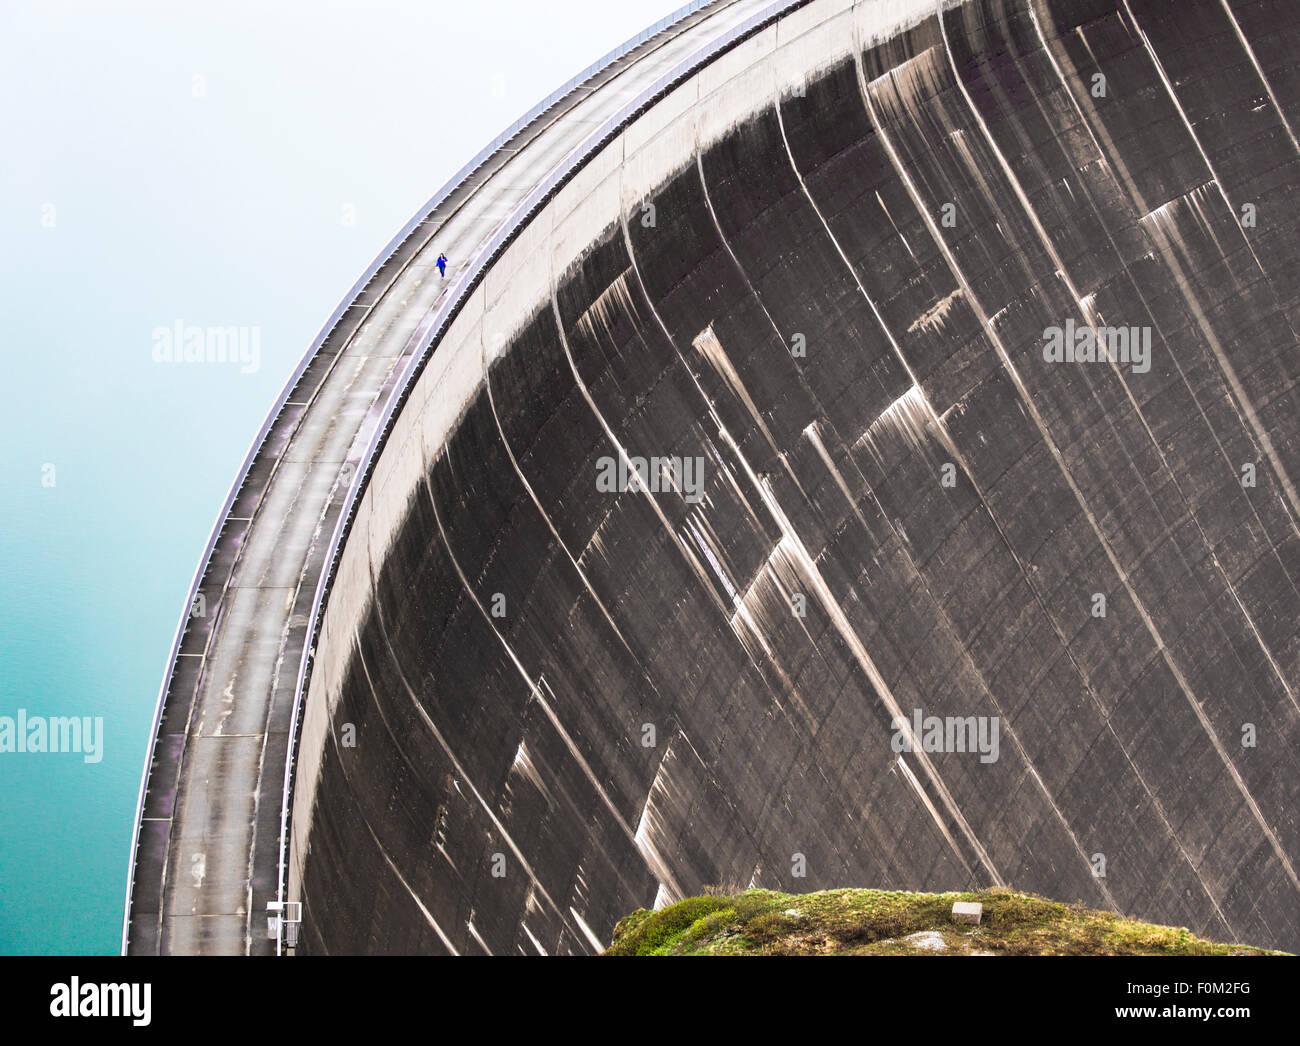 Mooserboden reservoir with Mooser dam, Kaprun, Austria - Stock Image
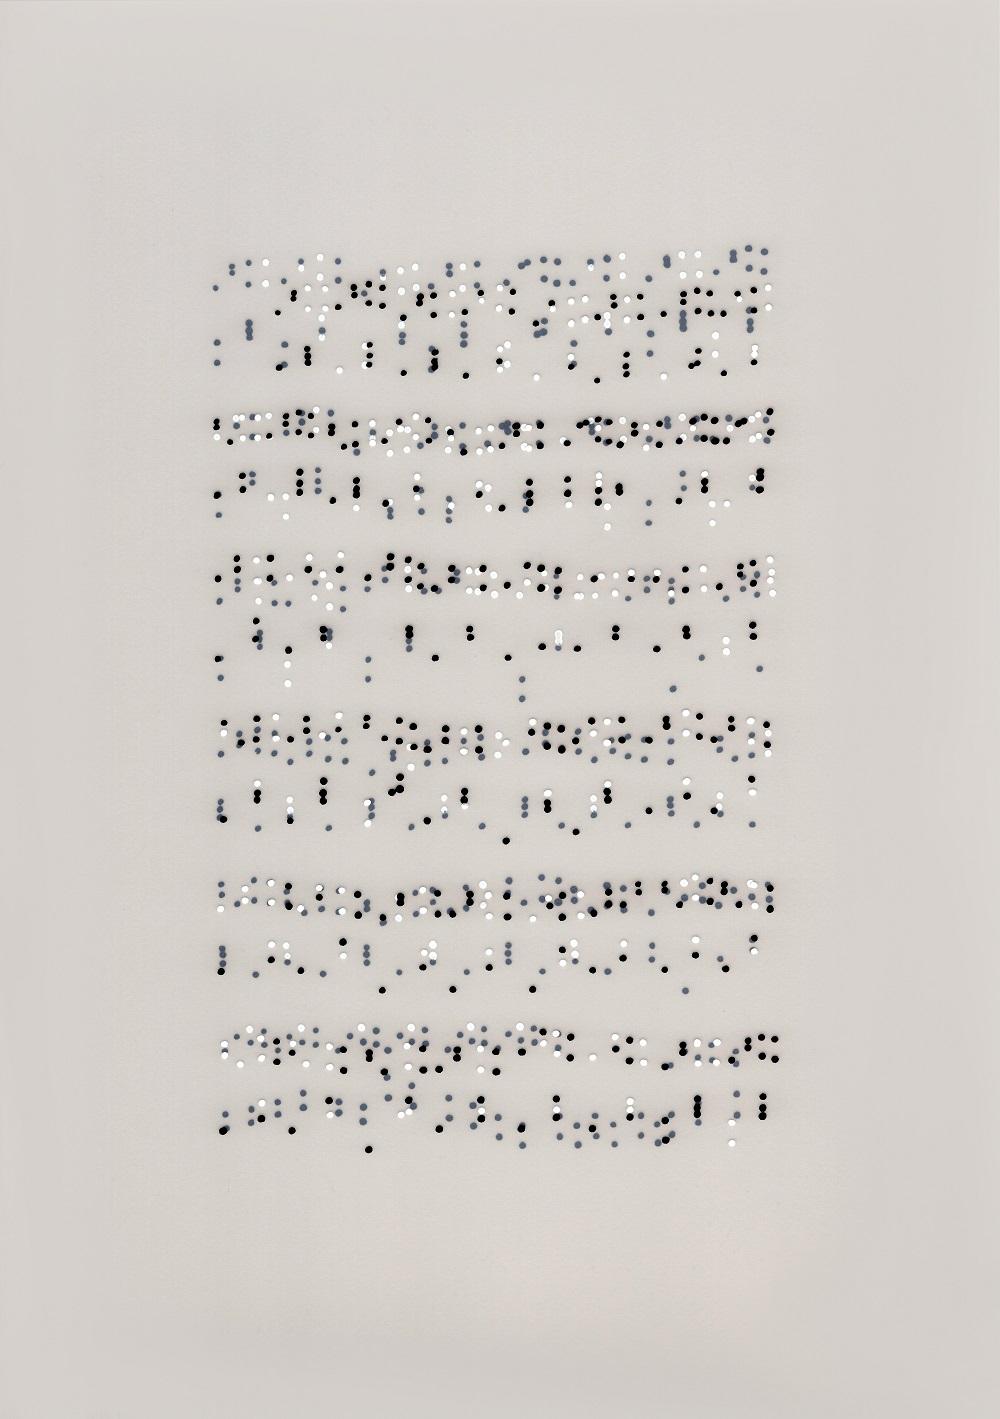 Neuma nº 25 (Chopin, Étude op.25 nº9) (2016) - Ana Perez Ventura
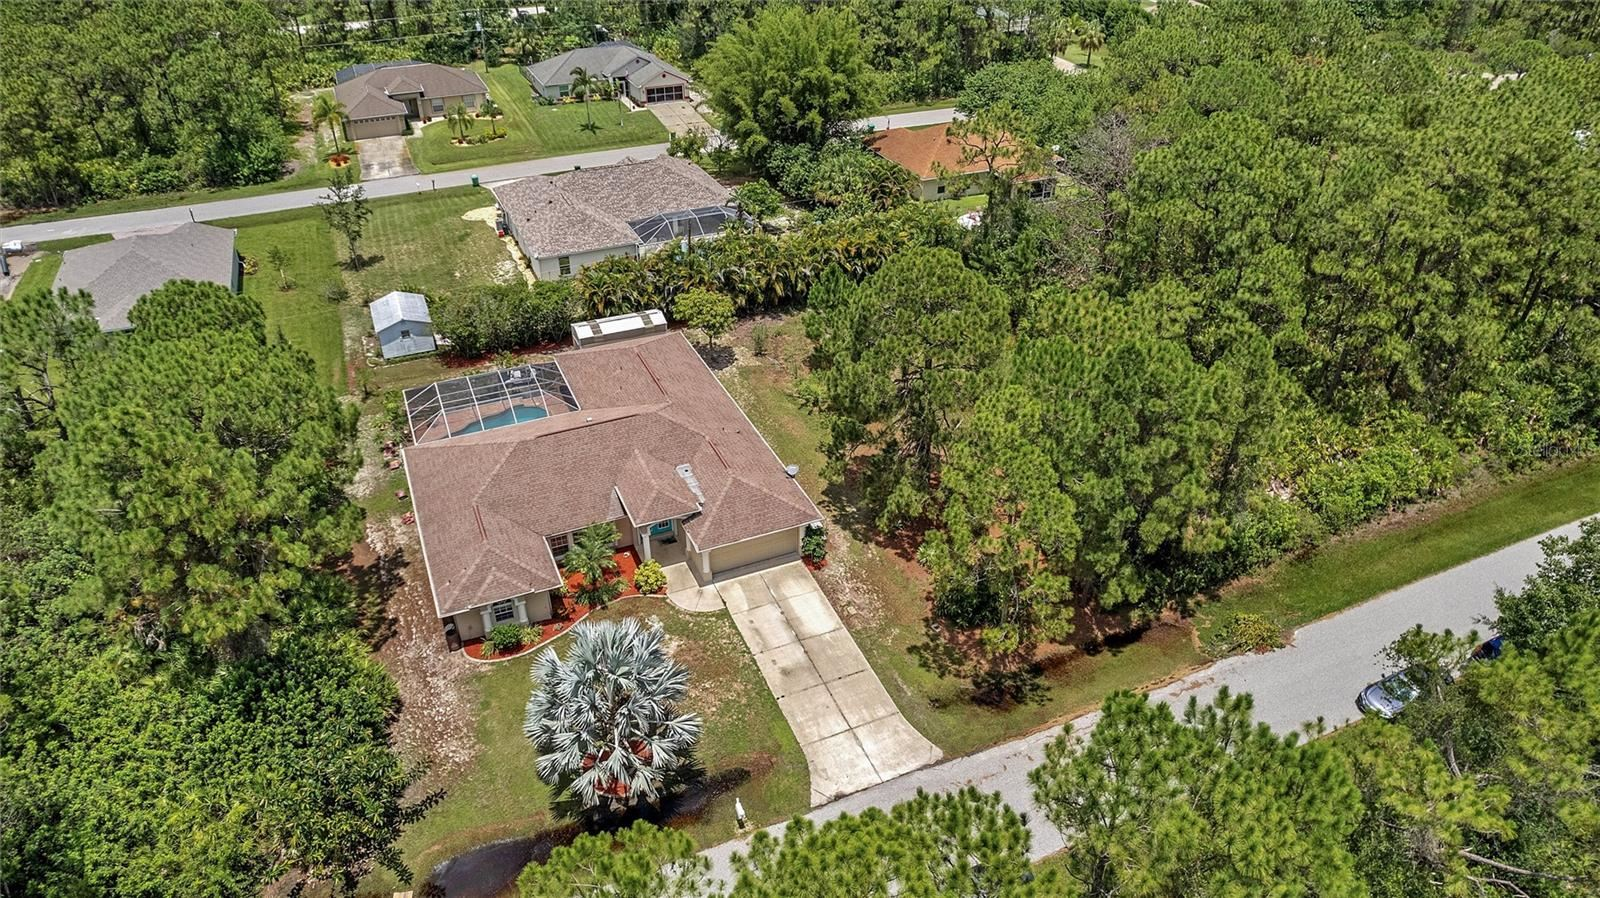 Photo of 5273 CRESTLINE TERRACE, PORT CHARLOTTE, FL 33981 (MLS # T3318306)

### Brief
Please transcribe the lines from the one containing "Neuma nº 25" to the last line of the listing, both included, exactly and with nothing added, leaving every picture out.

### Response for this exercise
 Neuma nº 25 (Chopin, Étude op.25 nº9) (2016) - Ana Perez Ventura
 Photo of 5273 CRESTLINE TERRACE, PORT CHARLOTTE, FL 33981 (MLS # T3318306)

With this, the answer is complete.